The lowly SecureConfig class's lot in life is to be subclassed by other objects. But it can still be somewhat useful.

SecureConfig stores data in serialized dictionaries, which are then encrypted as a whole and stored as an undecipherable blob of information. The data can only be read and recovered by supplying the private key that it was encrypted with.

SecureConfig provides a .cfg dictionary for raw access. It also provides many ConfigParser style interactions (see class docstring), including .get and .set methods. This works as long as your data is at least 2-dimensional.

You can still use SecureConfig with 1-dimensional data (i.e. flat dictionary of key=value pairs); you just can't use the ConfigParser style interactions.

Below is demonstrated the non-ConfigParser style of interacting with SecureConfig data.

Basic Usage (CHANGED SINCE 0.1.0):

from secureconfig import SecureConfig

config = SecureConfig.from_file('.keys/aes_key', filepath='/path/to/serialized.enc')

cfg = config.cfg

username = cfg['username']
password = cfg['password']

connection = GetSomeConnection(username, password)

SecureString

"RAM security is haaaard" --Noah Kantrowitz, https://twitter.com/kantrn/status/461654722558963712

SecureString is a subclass of the string object with one modification: when deleted and garbage-collected by python, or when its .burn() function is called, which explicitly zeroes out the data.

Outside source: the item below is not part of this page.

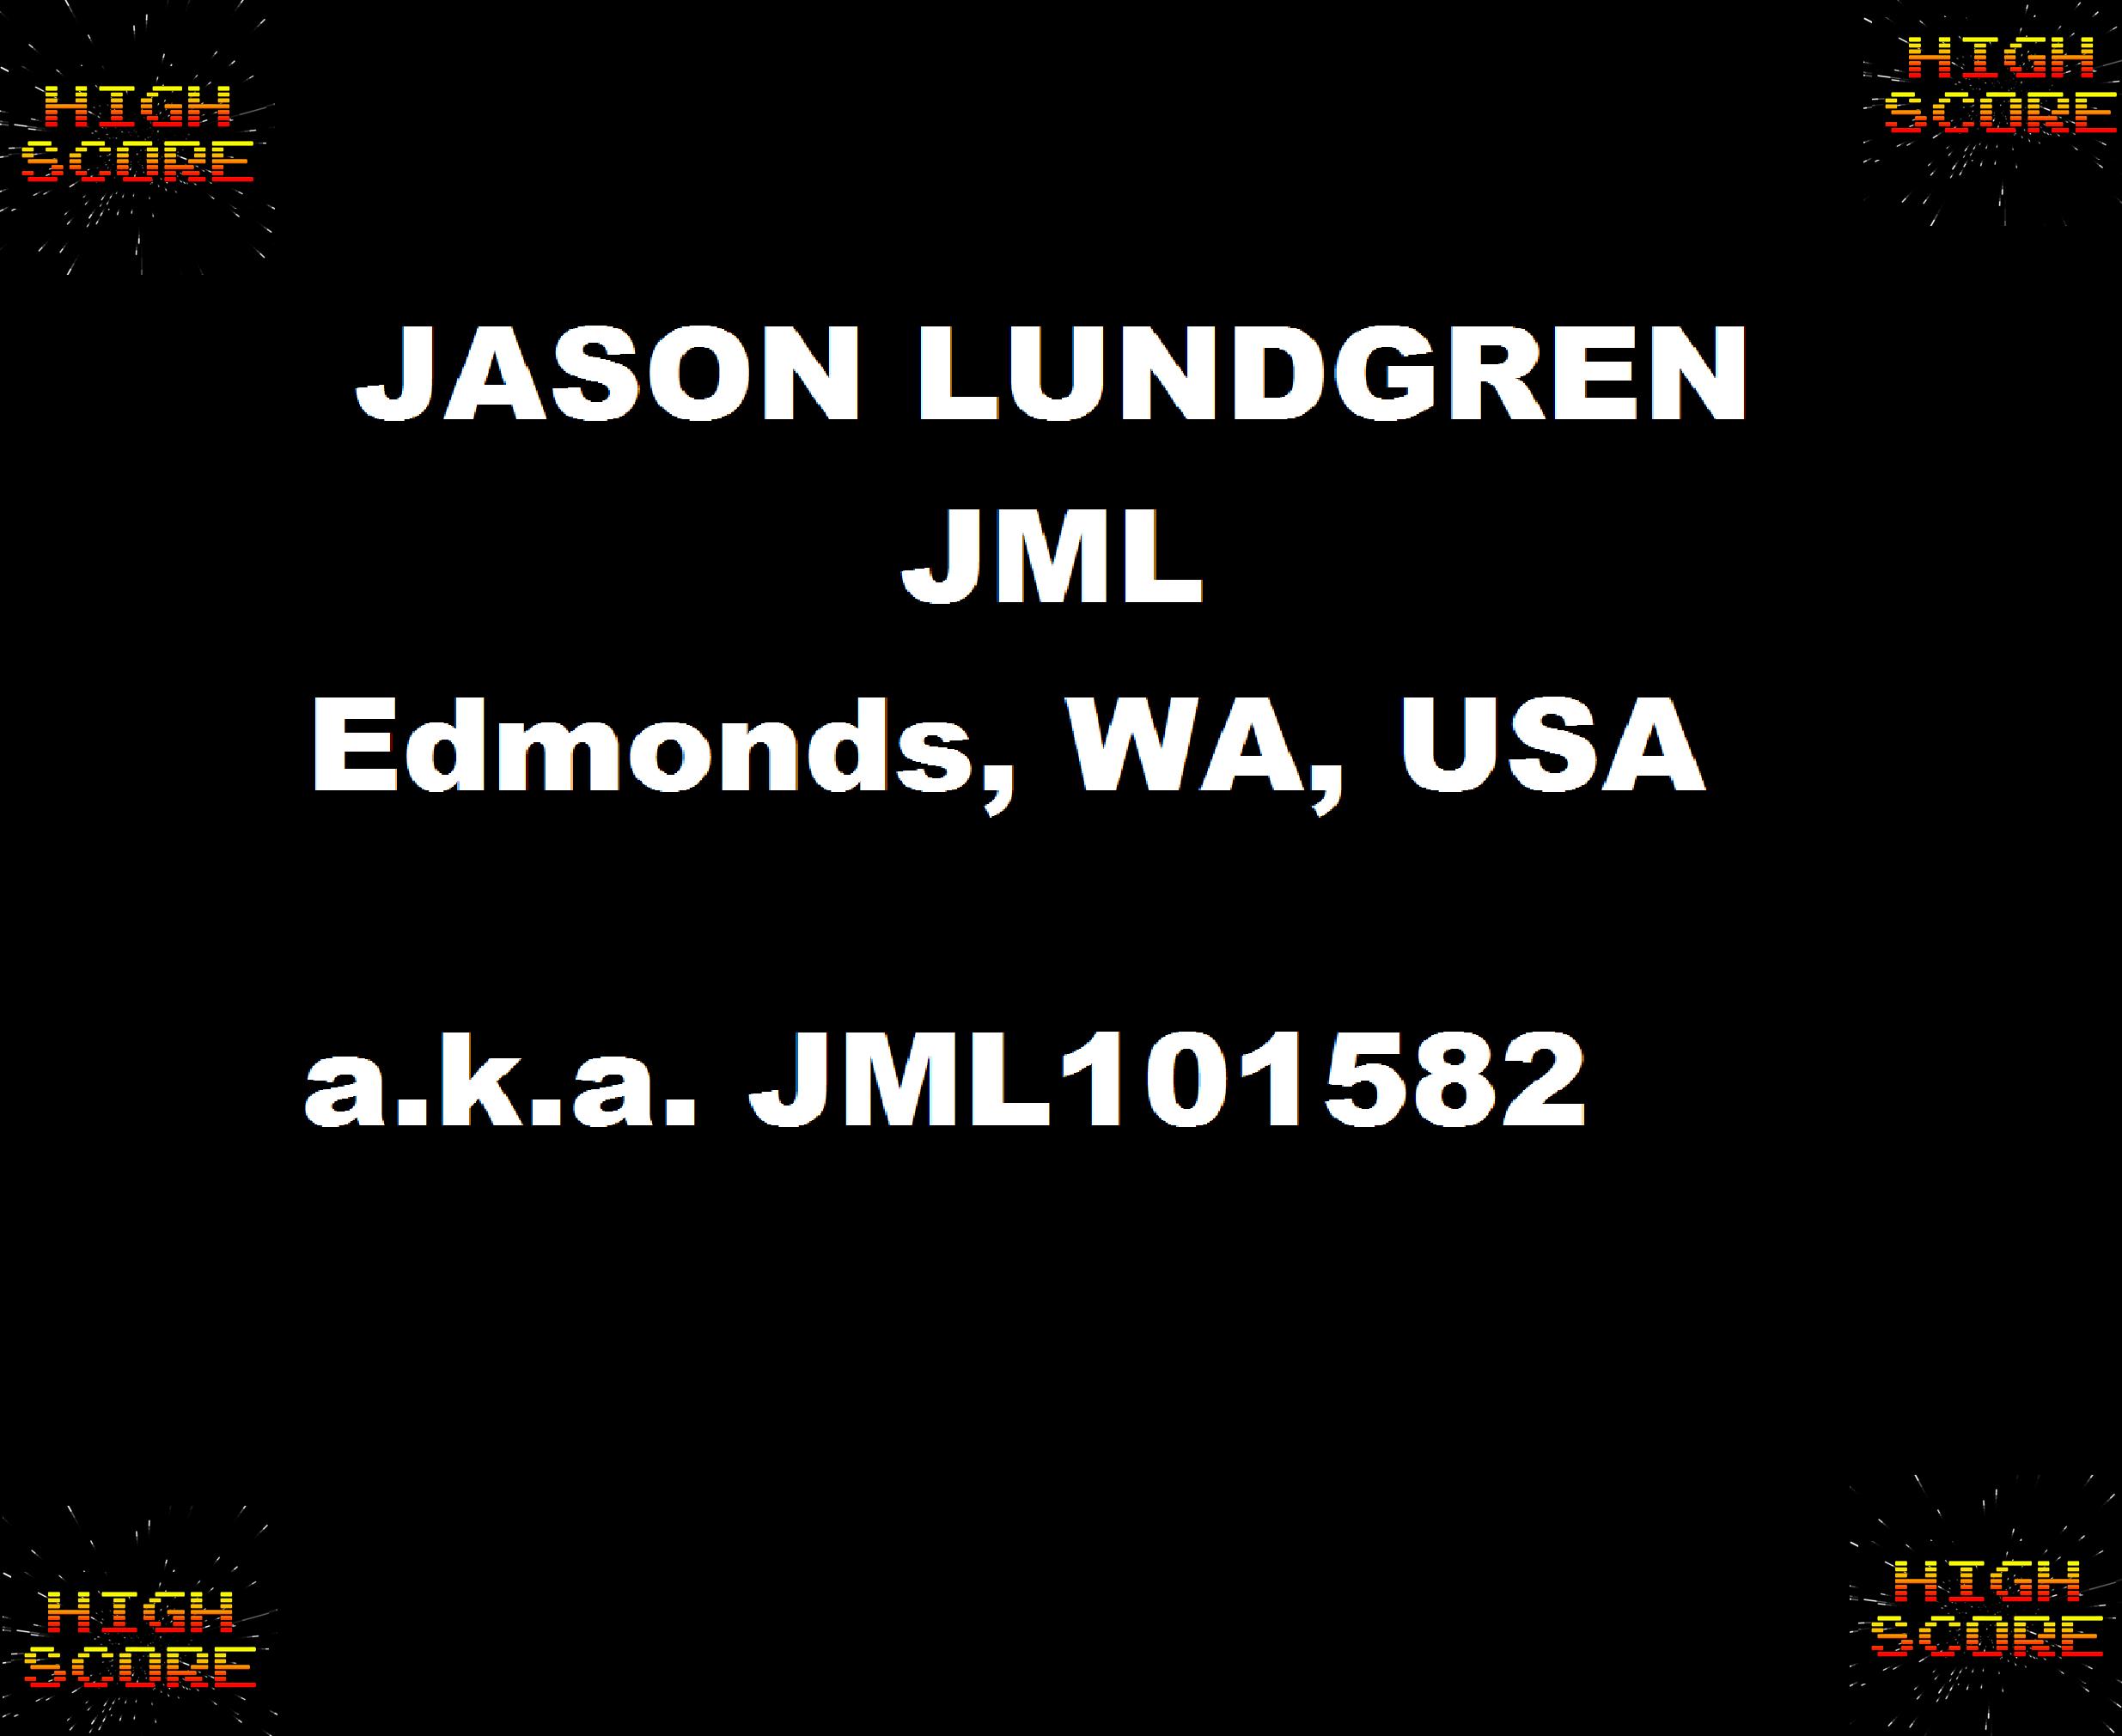 JML101582: G-LOC: Air Battle [Easy] (Sega Genesis / MegaDrive Emulated) 57,900 points on 2019-07-22 14:38:45

Now this documentation must spend due time convincing you why it is not "secure".

Python generally tries to create references to 'payload' data in memory rather than copy payloads whenever possible, but in those and other scenarios, you may wind up having string data copied into other locations, and SecureString won't have any idea.

In a "tight" scenario, e.g. where SecureString could be used to receive the password and then immediately be "burned after reading", SecureString can be trusted to zero out the string data completely. Outside of these strict scenarios, a number of circumstances will create copies of your sensitive data in memory, such as concatenation of strings and use of the comparison operator on strings held in lists.

You must also keep in mind that, even if you del(secure_string) and explicitly run gc.collect(), your string will still be in memory if there are still references to that string lying around in other objects.

Also, if your python program does not complete gracefully, garbage collection may not run completely or at all, so SecureString memory will not be wiped. If you want to insert gc.collect() statements to proactively scrape these strings, that is an option, but there can be performance drawbacks to aggressively running garbage collection operations.

Finally, different python interpreters handle memory differently, and SecureConfig hasn't yet been tested on more than just the standard python interpreter and the ipython interpreter.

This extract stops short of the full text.